Information supplied section start

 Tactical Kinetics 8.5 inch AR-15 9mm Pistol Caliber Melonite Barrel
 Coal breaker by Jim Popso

Information supplied section end
Information supplied section start

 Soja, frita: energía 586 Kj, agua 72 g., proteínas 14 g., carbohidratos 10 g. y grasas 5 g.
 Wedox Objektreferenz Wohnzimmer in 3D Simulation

Information supplied section end

[Description of the task] Please give back, exactly as it stands above, the stretch from the line with "Tactical Kinetics 8.5" through the line with "Coal breaker by Jim Popso", and no line outside it.

[Task response]
 Tactical Kinetics 8.5 inch AR-15 9mm Pistol Caliber Melonite Barrel
 Coal breaker by Jim Popso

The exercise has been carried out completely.